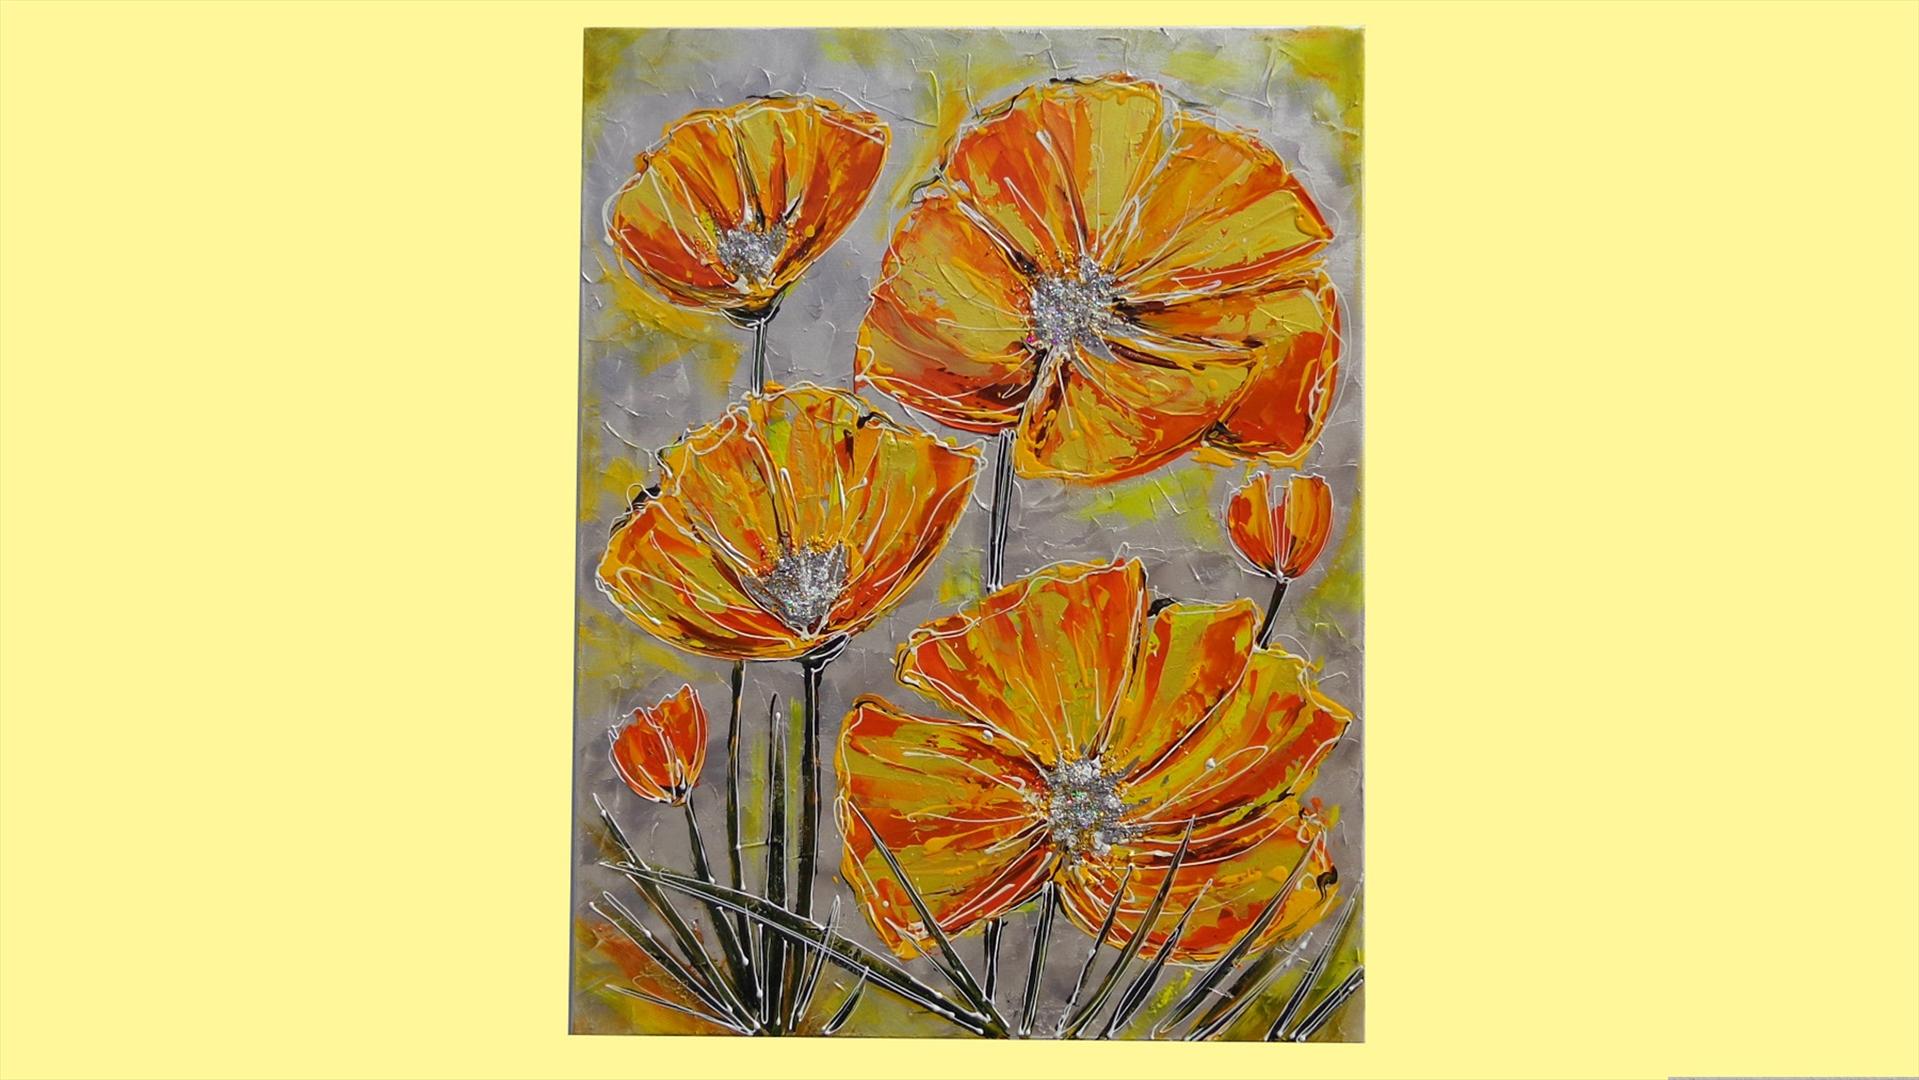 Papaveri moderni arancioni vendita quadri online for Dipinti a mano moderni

※

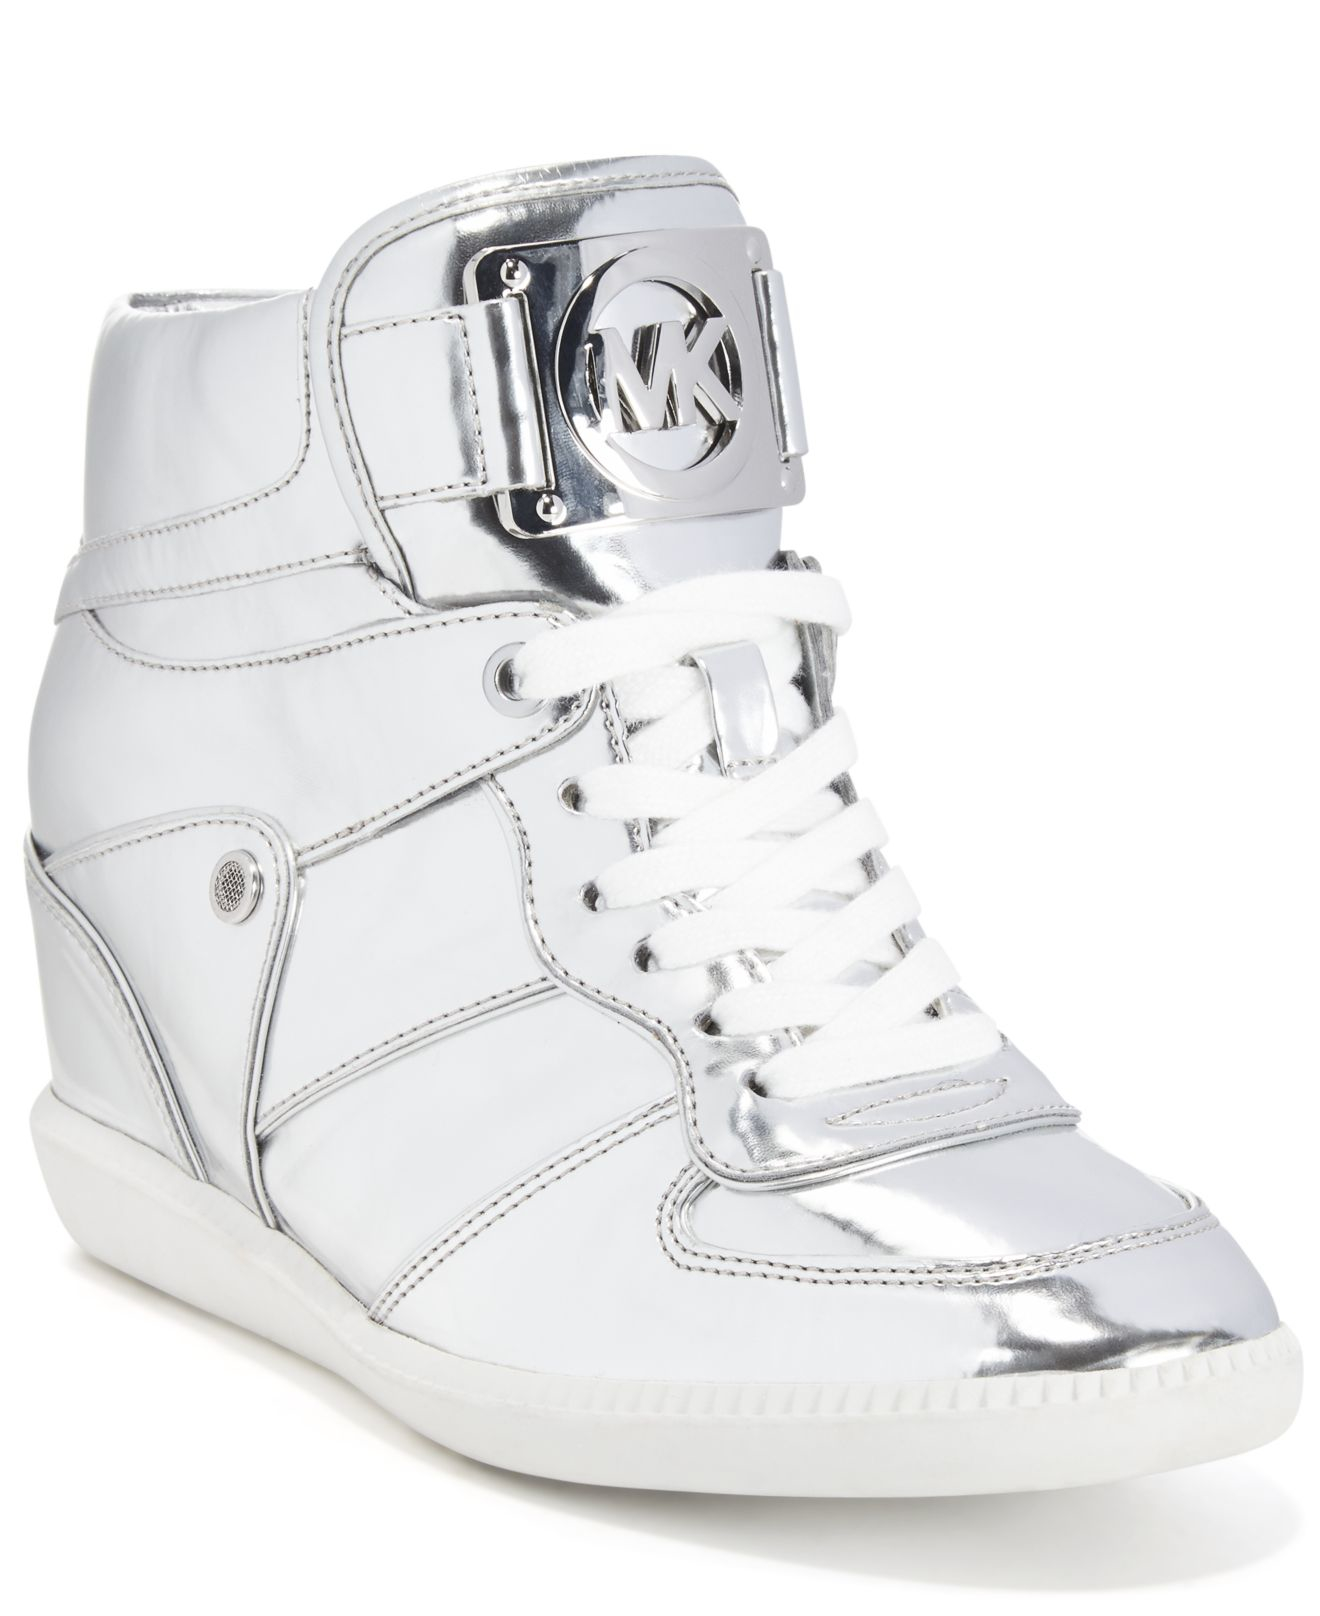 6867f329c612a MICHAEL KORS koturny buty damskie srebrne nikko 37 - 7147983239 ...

※

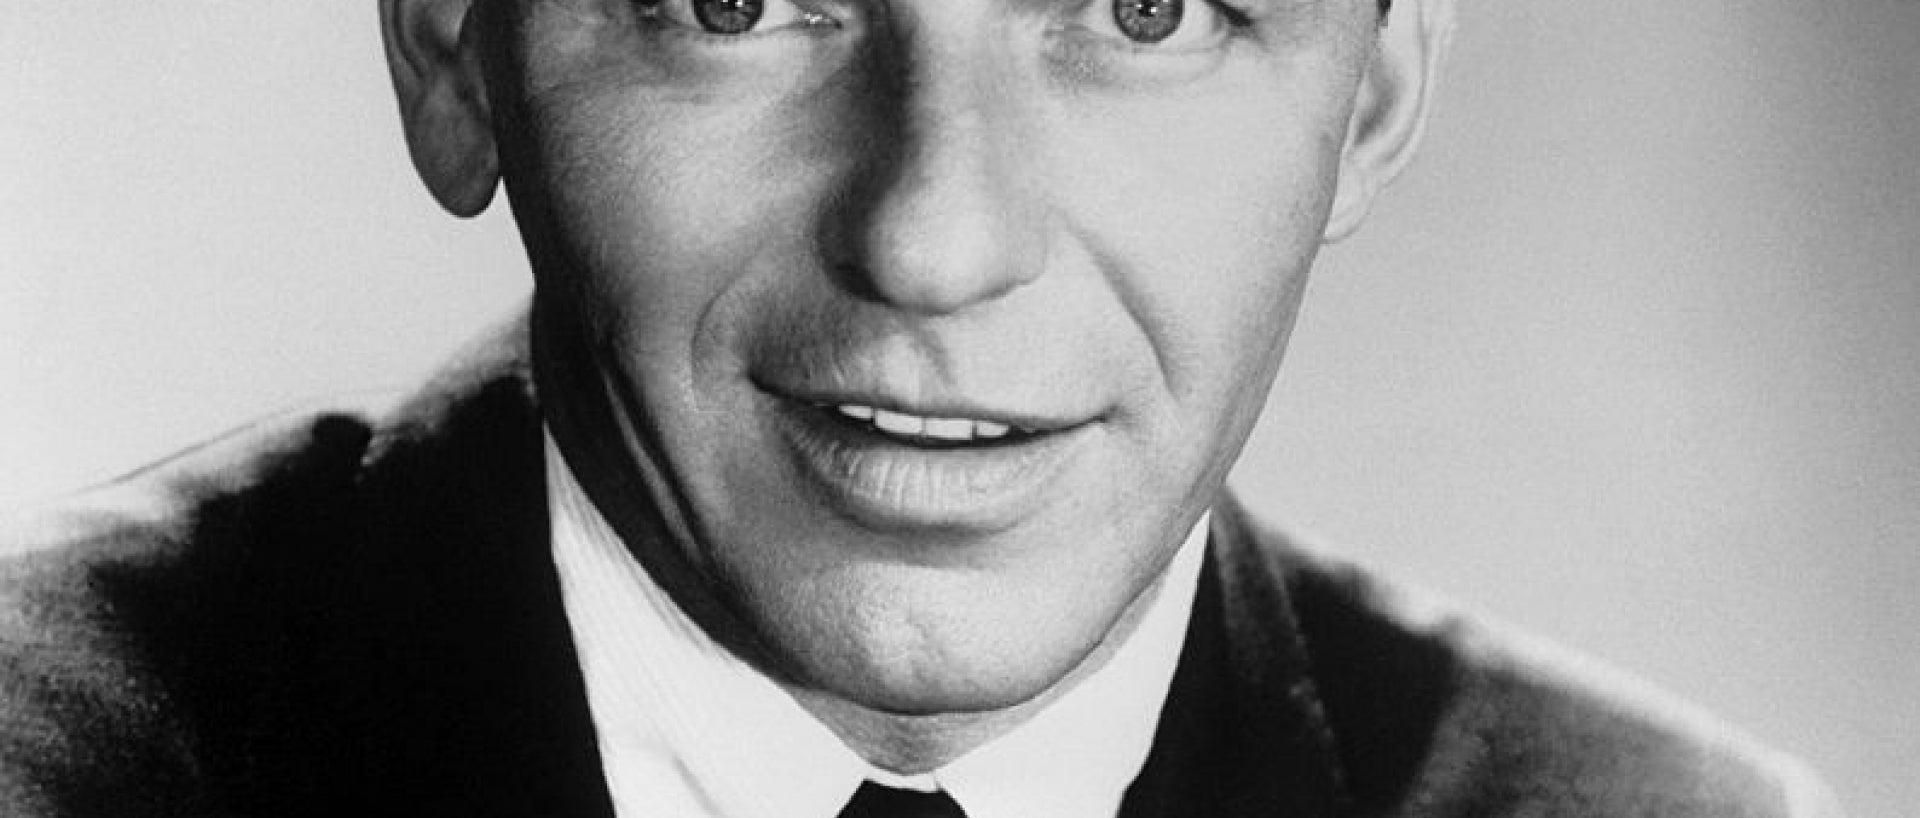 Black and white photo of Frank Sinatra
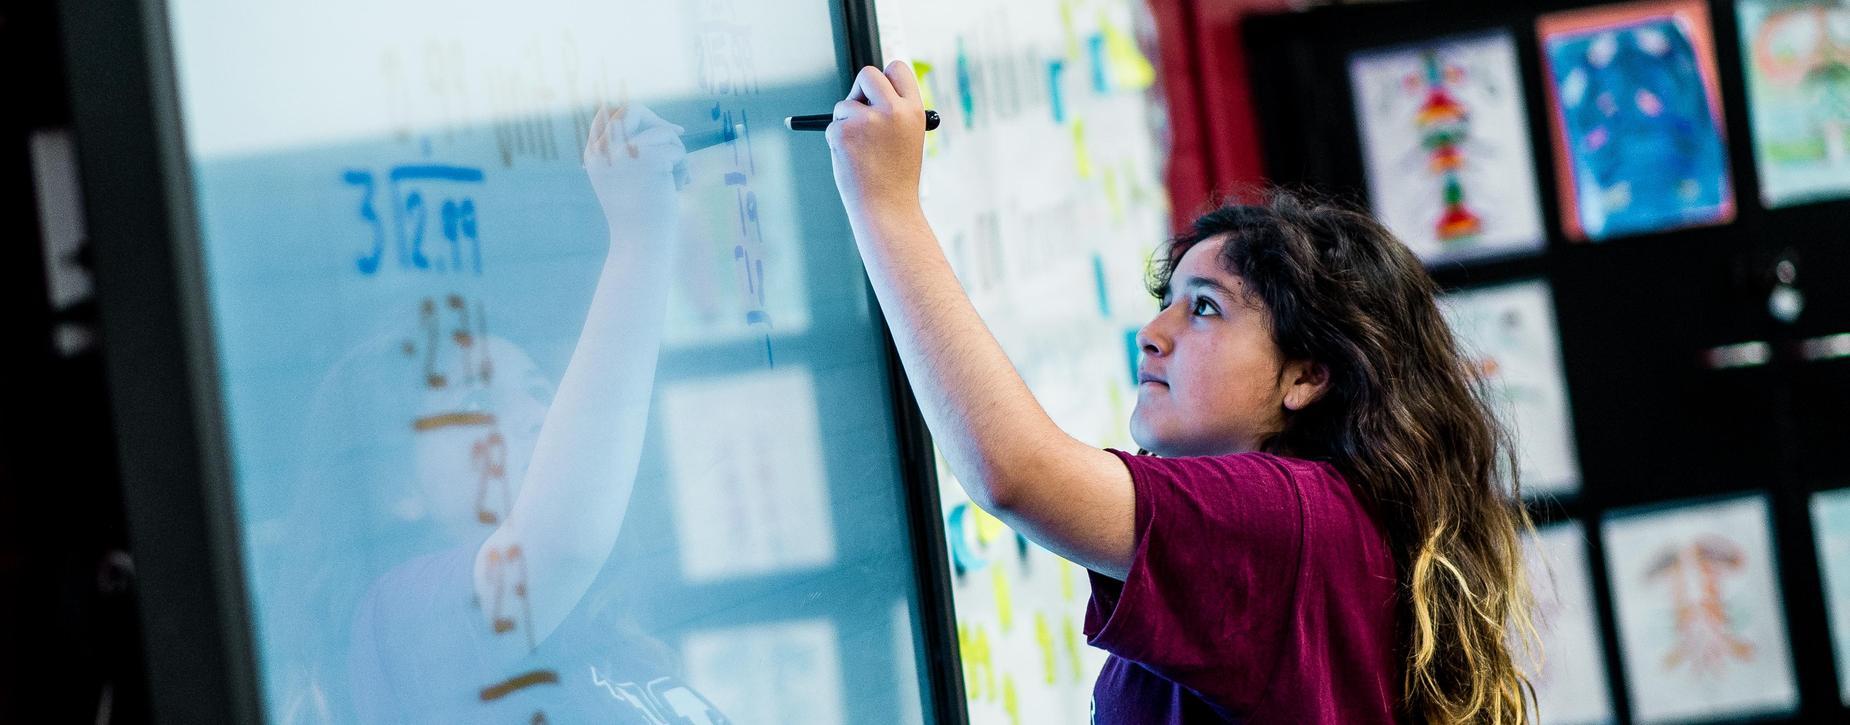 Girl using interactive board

※

**About this exercise**
Pictures are to be left out. Write out only the lines above starting at the one with "Black and white photo of Frank Sinatra" and ending at the one with "Girl using interactive board", both lines included, exactly.

**Output for this exercise**
 Black and white photo of Frank Sinatra
 Girl using interactive board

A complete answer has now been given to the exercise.